July 5 (Bloomberg) -- Colombia sold $2 billion of 10-year dollar bonds overseas, the nation’s first international debt sale since winning an investment-grade rating in March.
The country sold the 4.375 percent bonds due 2021 to yield 130 basis points, or 1.3 percentage points, more than similar-maturity U.S. Treasuries, Vice Finance Minister Bruce Mac Master told reporters today in Bogota. Mexico dollar bonds due 2020 yield 4.01 percent, while Brazilian bonds due 2021 yield 4.06 percent, according to prices compiled by Bloomberg.
“Colombia is a great credit and it offered a good premium,” said Alberto Bernal, head of fixed-income research at Bulltick, a Miami-based brokerage that focuses on Latin America.
The offer is the largest overseas sovereign debt sale from Latin America since Venezuela issued $3 billion of bonds in August, data compiled by Bloomberg show. Colombia is tapping overseas debt markets for the first time after its foreign credit rating was upgraded to the lowest level of investment grade by Standard & Poor’s in March, Moody’s Investors Service in May and Fitch Ratings last month.
Colombia received bids worth $7.3 billion for the dollar securities, Public Credit Director German Arce said in the presentation alongside Mac Master. The government has said it plans to issue $2.24 billion in foreign bonds in 2011. Colombia may decide not to sell the remaining $240 million, Arce said.

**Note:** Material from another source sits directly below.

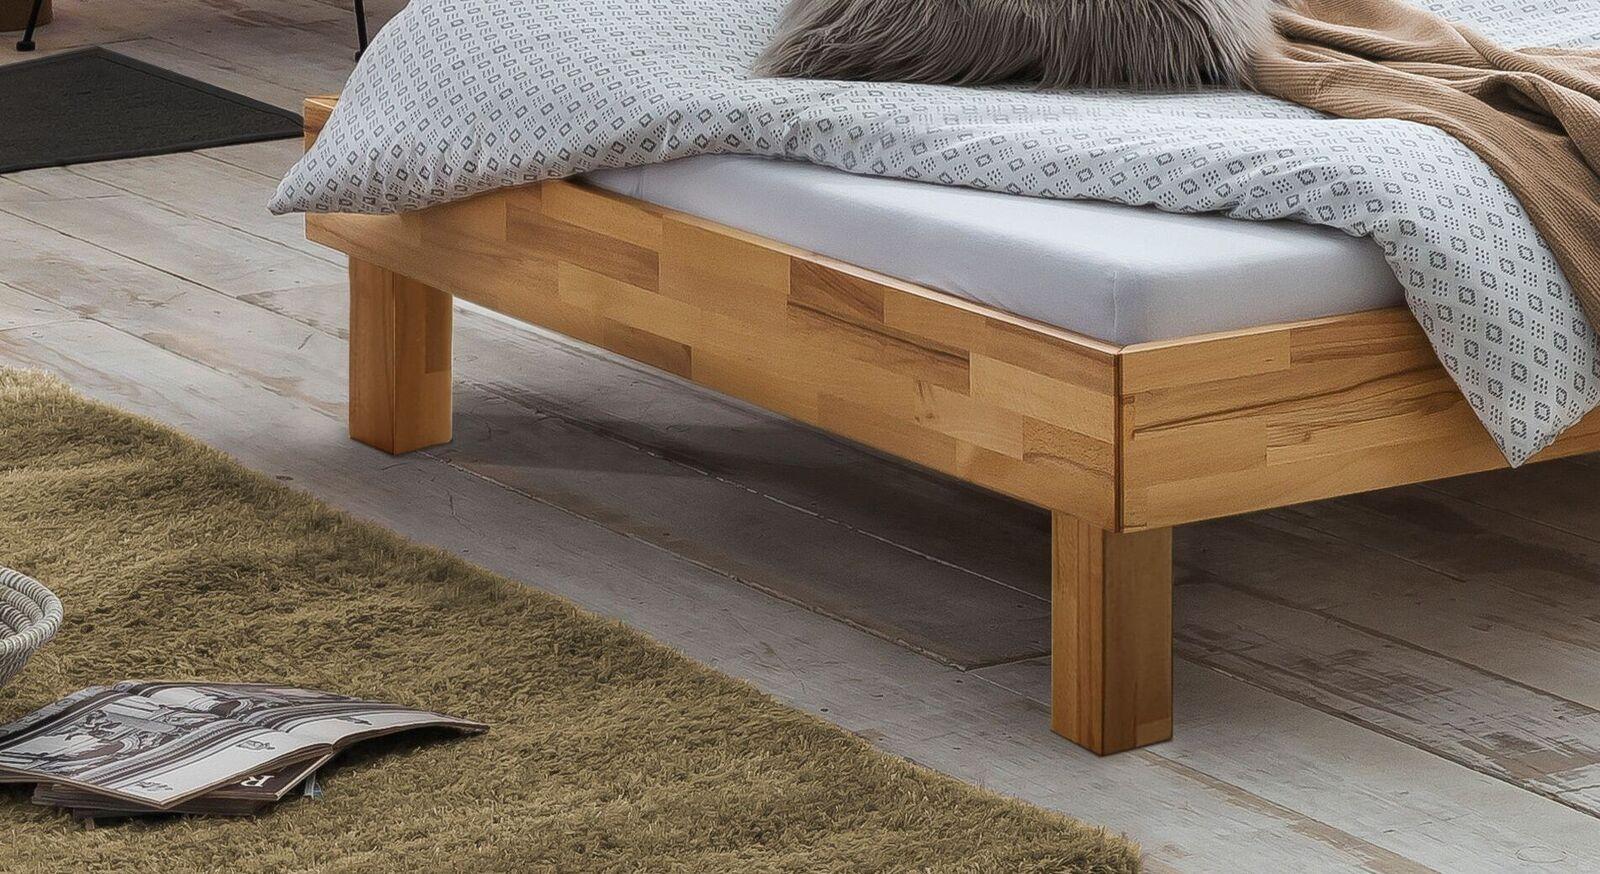 Bett Amsden mit robusten Blockfüßen

Bank of America Corp., Barclays Plc and Citigroup Inc. managed today’s sale.
The upgrade to investment grade, “a huge expansion in the oil and gas sectors and a significant improvement in fiscal laws” is driving appetite for Colombia’s financial assets, said Nick Chamie, the global head of emerging markets at RBC Capital Markets in Toronto.

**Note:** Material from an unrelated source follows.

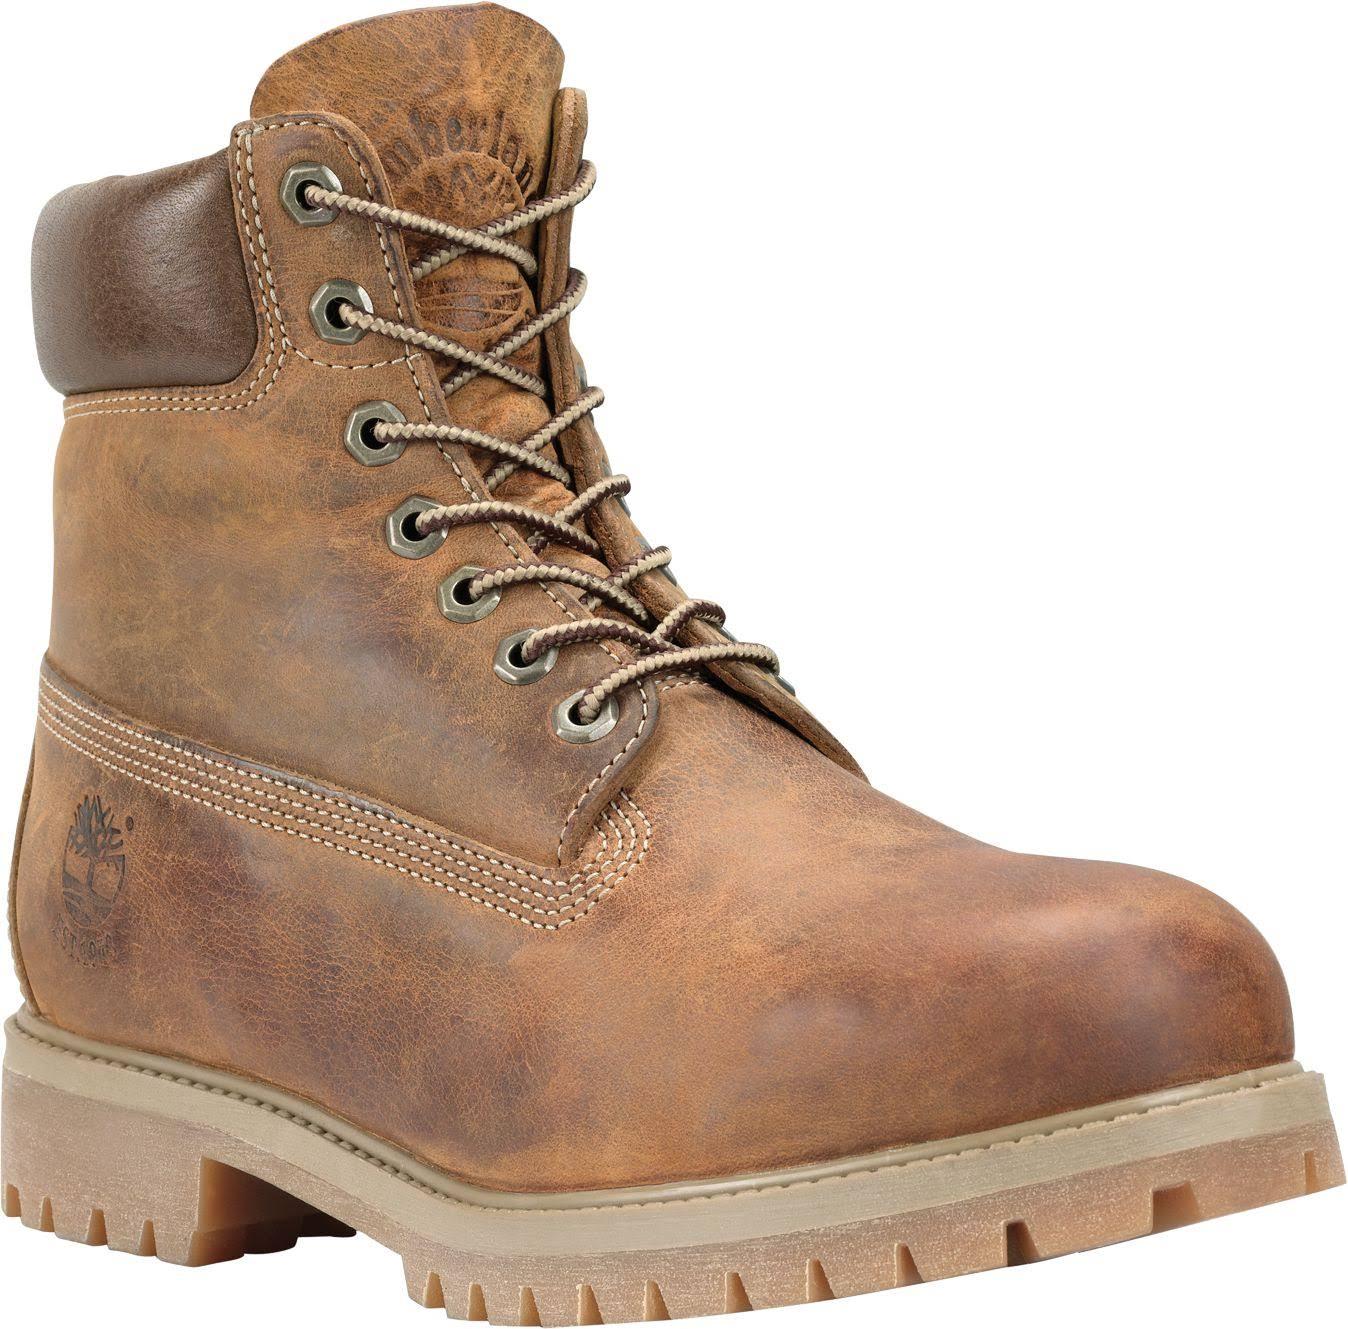 Boot Timberland 40 Heritage Eu 6 In Burntorangewornoiled Wide Premium WH2DYIE9

Colombia is opening up unexplored swathes of the country to expand oil production to as much as 2 million barrels a day in 2020, from 930,570 barrels a day in June. The oil and mining industries accounted for 86 percent of the $5.78 billion foreign investment in the year through May, according to the central bank. That compares to $3.68 billion in the first five months of 2010.

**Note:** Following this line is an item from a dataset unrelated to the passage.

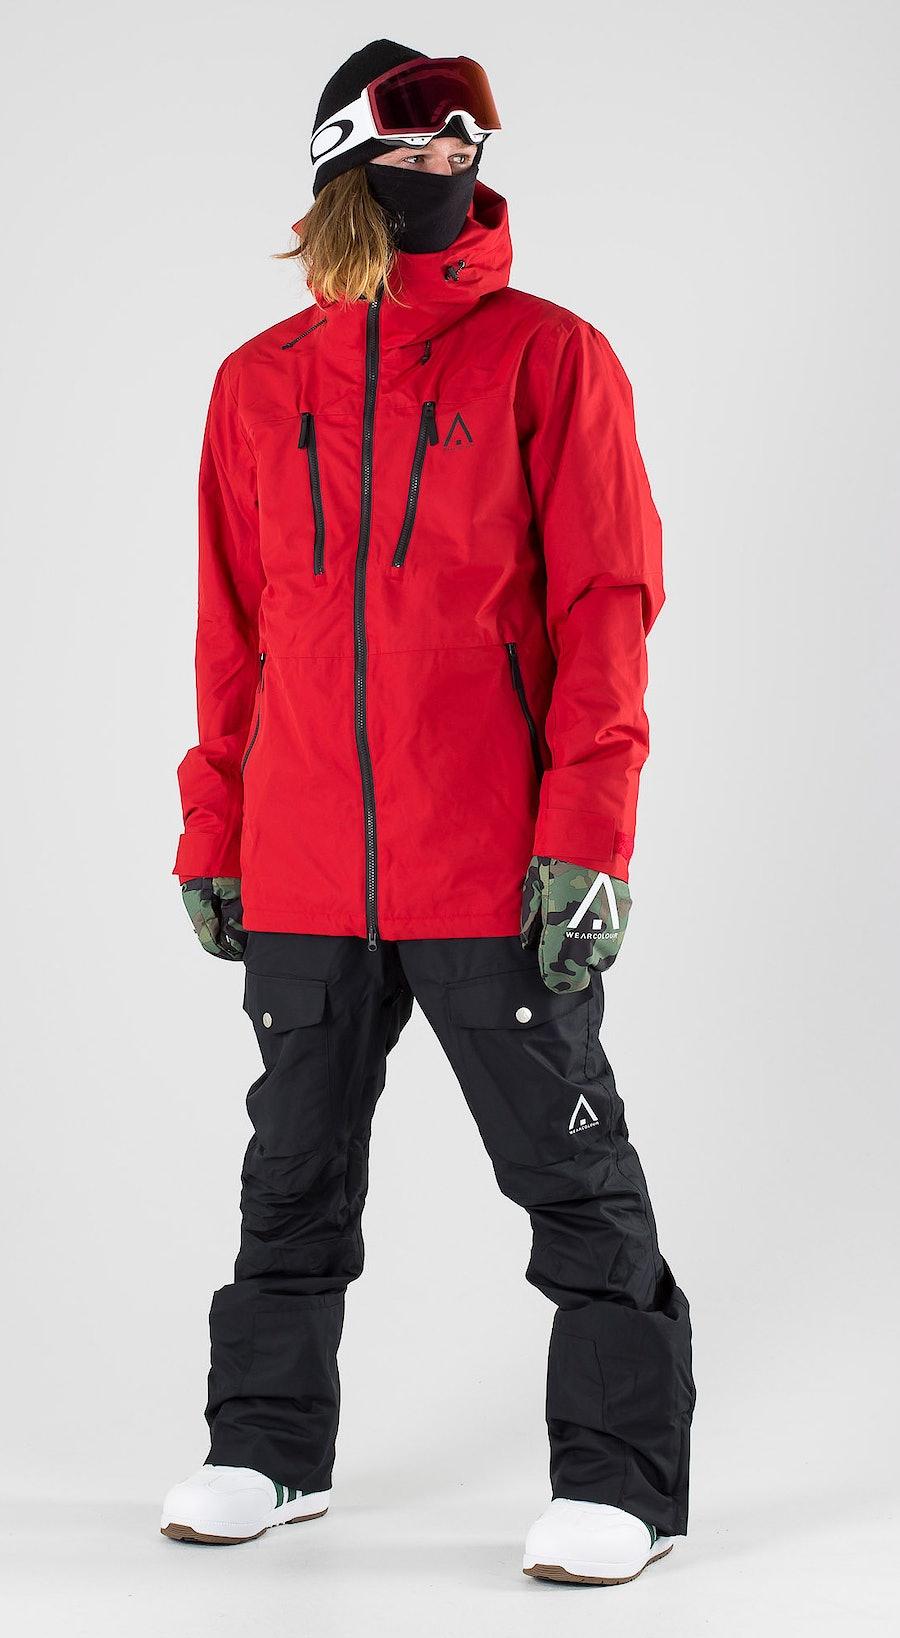 WearColour Grid Falu Red Snowboardkläder Multi

Congress last month passed legislation, known as the fiscal rule, that will allow the nation to capitalize on its oil and mining riches, cut its budget deficit and create a fund to cushion the economy during crises. It targets a central government budget deficit of no more than 2.3 percent of gross domestic product in 2014 and 1.9 percent of GDP in 2018, from an estimated deficit this year of 4 percent of GDP.
The law also creates a dollar-denominated rainy-day fund that will maintain excess mining and energy revenue overseas, as the Andean nation seeks to ease gains in the peso. The peso has jumped 7.8 percent this year, the best performance among the six most-traded Latin American currencies tracked by Bloomberg.
Lawmakers also passed legislation in June that ensures “fiscal sustainability” is taken into account under the constitution, so that courts consider the health of the government’s fiscal accounts before awarding payouts.
Colombia last tapped overseas markets in July 2010, when it sold $500 million more of its peso-denominated securities due 2021.